Двигаясь напрямик, они вскоре добрались до каменного укрепления, где находилось орудие. Дверь была открыта. В свете горящих факелов было видно, как возле орудия суетится прислуга. Офицер вычислял координаты, затем отошел, чтобы вложили снаряд. Стрельба возле Джумаи становилась все ожесточеннее.
– Внимание! – прошептал Грозев, заряжая ружье.
Он скользнул к двери, Рабухин и Доцов последовали за ним. Толкнув дверь ногой и выстрелив в воздух, Грозев крикнул по-турецки:
– Ни с места!
Рабухин и Доцов вместе с ним кинулись вниз по лестнице с ружьями наперевес.

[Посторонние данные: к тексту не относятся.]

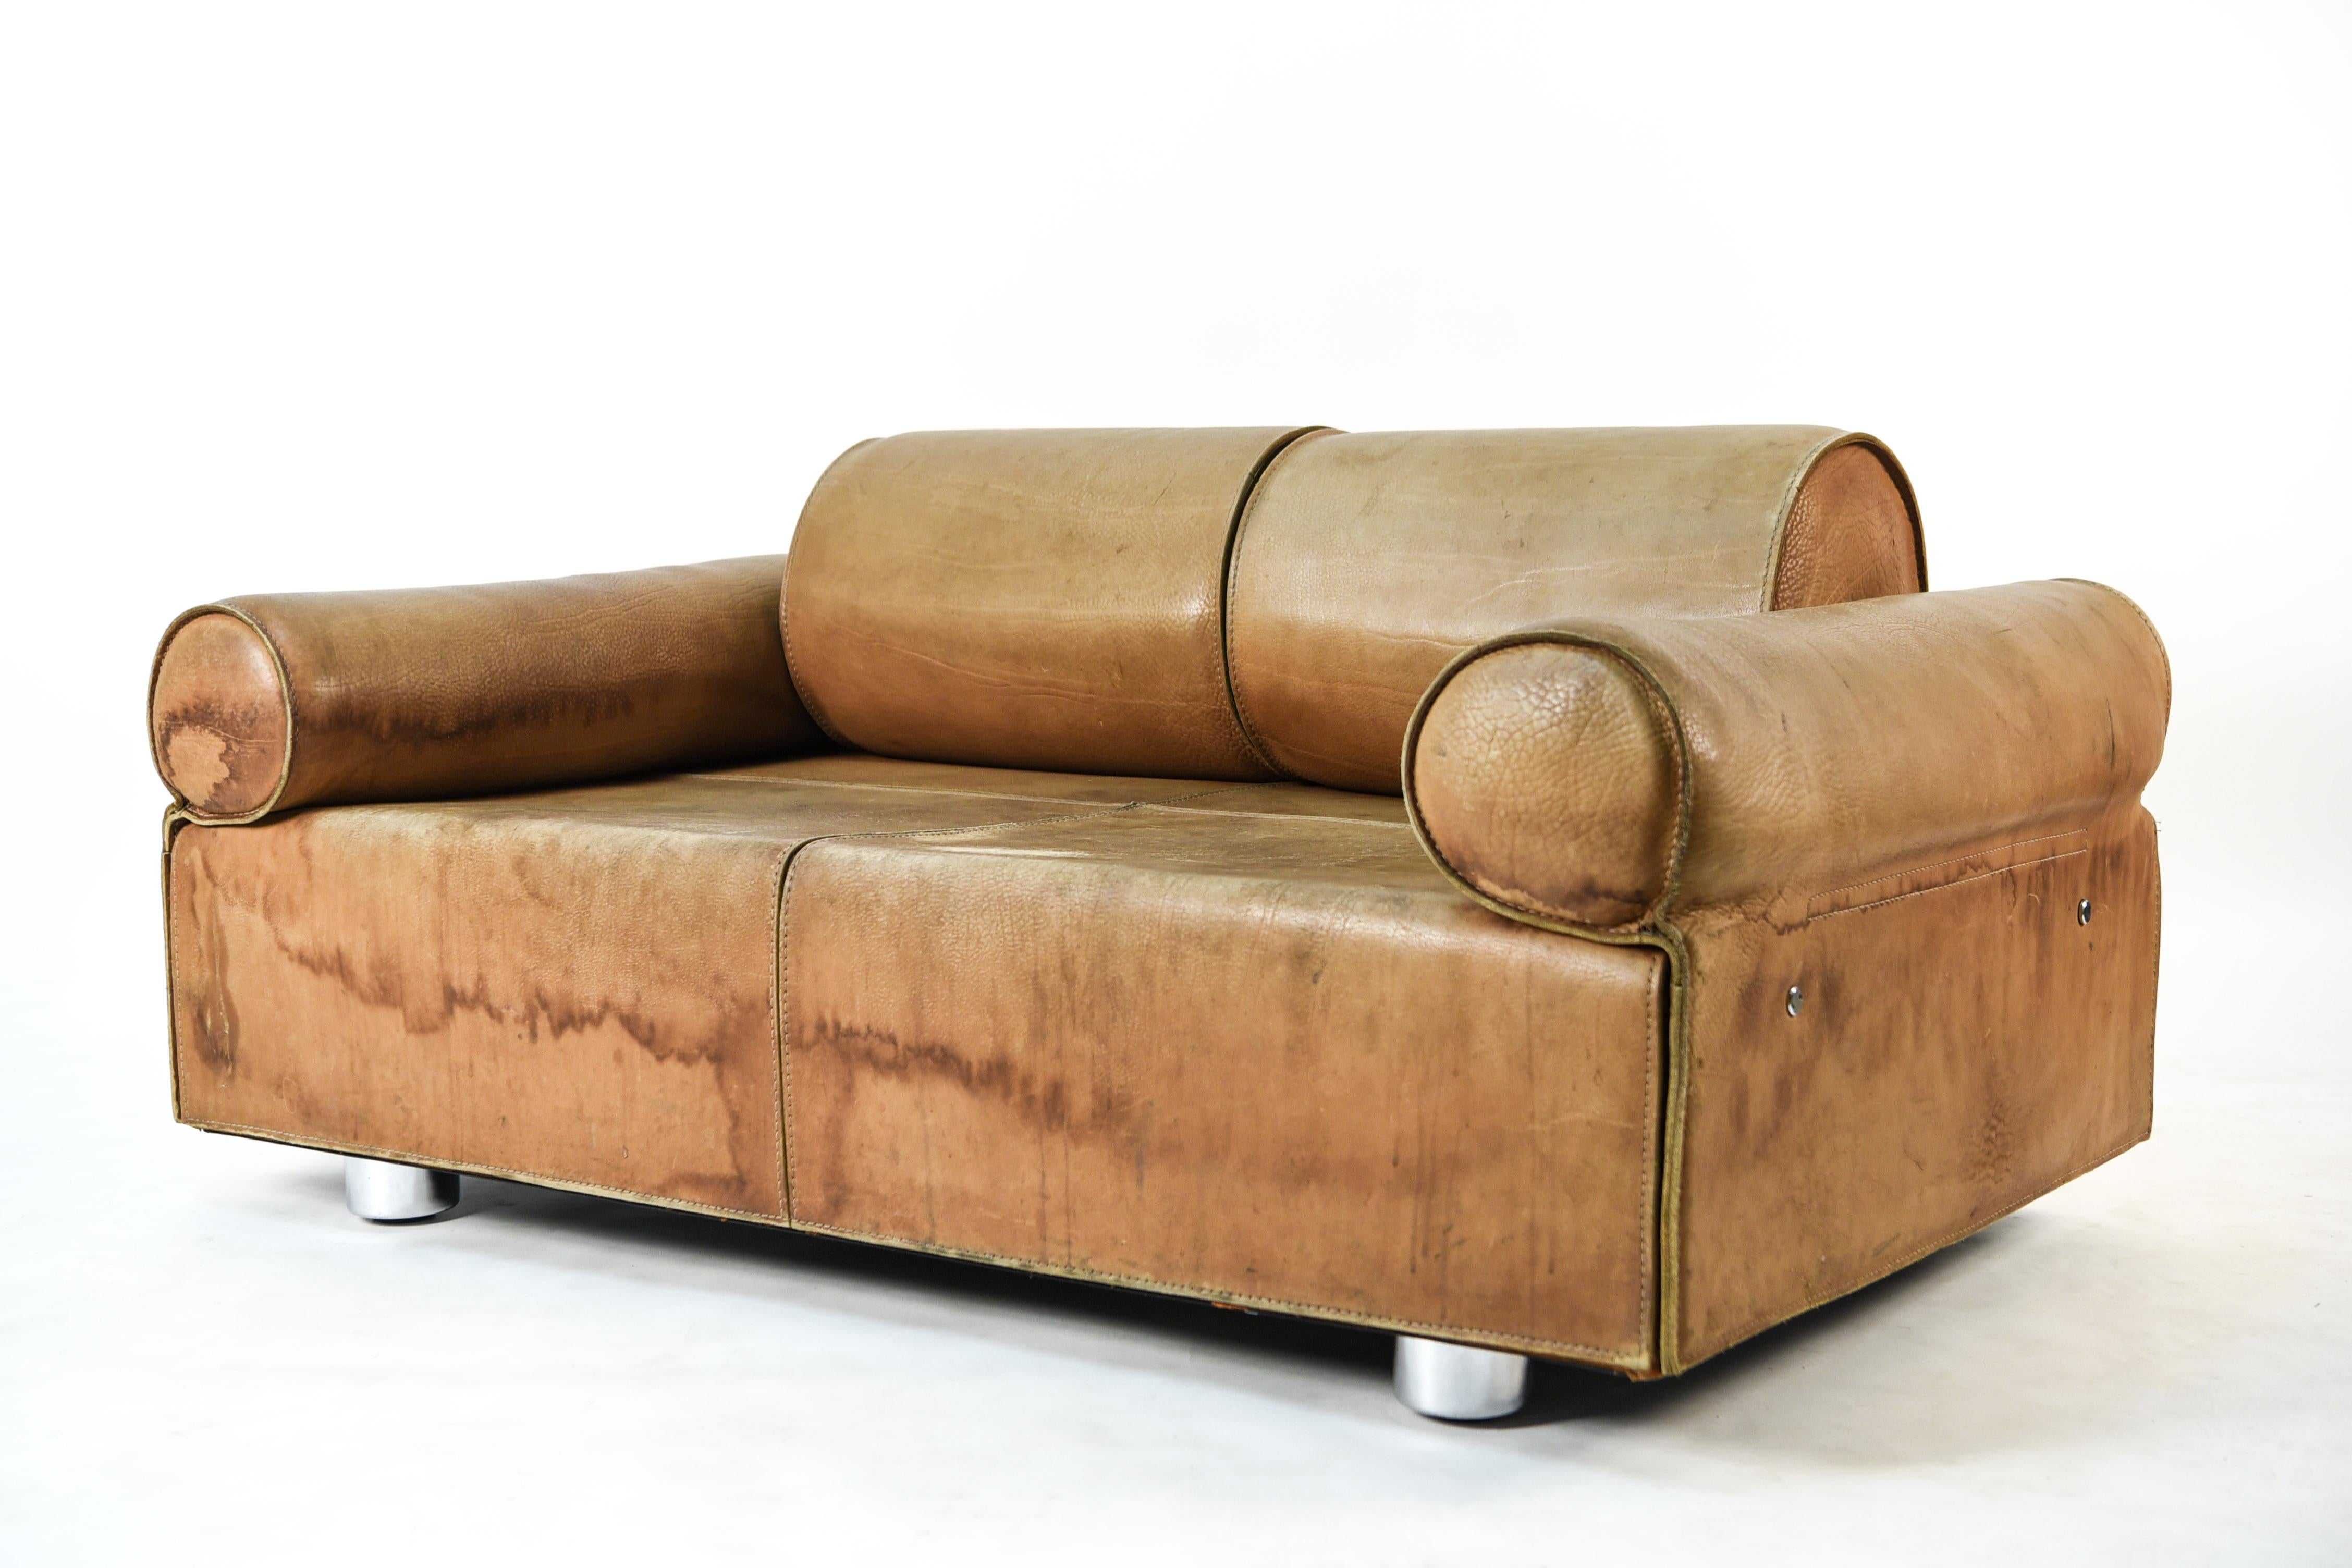 This is a very rare two-seat sofa or loveseat by Italian designer Marzio Cecchi, circa 1970. This piece has been upholstered in brown buffalo leather which has acquired a tasteful patination from age and use. The sofa design consists of spherical

Офицер протянул было руку к кобуре, но, увидев перед собой дула ружей, поднял руки и глухо произнес:
– Сдаюсь…
Рабухин и Доцов бросились на него, обезоружили и, сорвав с орудия тяговый канат, связали всех пленных и заставили лечь на землю.
Вдруг совсем рядом раздался ружейный выстрел. Что-то крикнули по-турецки. Матей бросился к двери и задвинул изнутри железным засовом.
Послышались еще выстрелы. Связанные пленные беспокойно зашевелились. Раздалось несколько взрывов гранат. Мимо укрепления галопом проскакали всадники. Одна группа, потом другая. Кто-то с силой ударил в дверь. Рабухин, Грозев и Доцов, заняв позицию возле орудия, зарядили ружья.
– Сложи оружие! – громко крикнули по-турецки.
Затем наступила тишина.
И в этой тишине совсем ясно послышался голос, произнесший тихо по-русски:
– Друзин, зайди с другой стороны! Если не откроют, бросишь гранату!
Трое переглянулись. Рабухин медленно выпрямился.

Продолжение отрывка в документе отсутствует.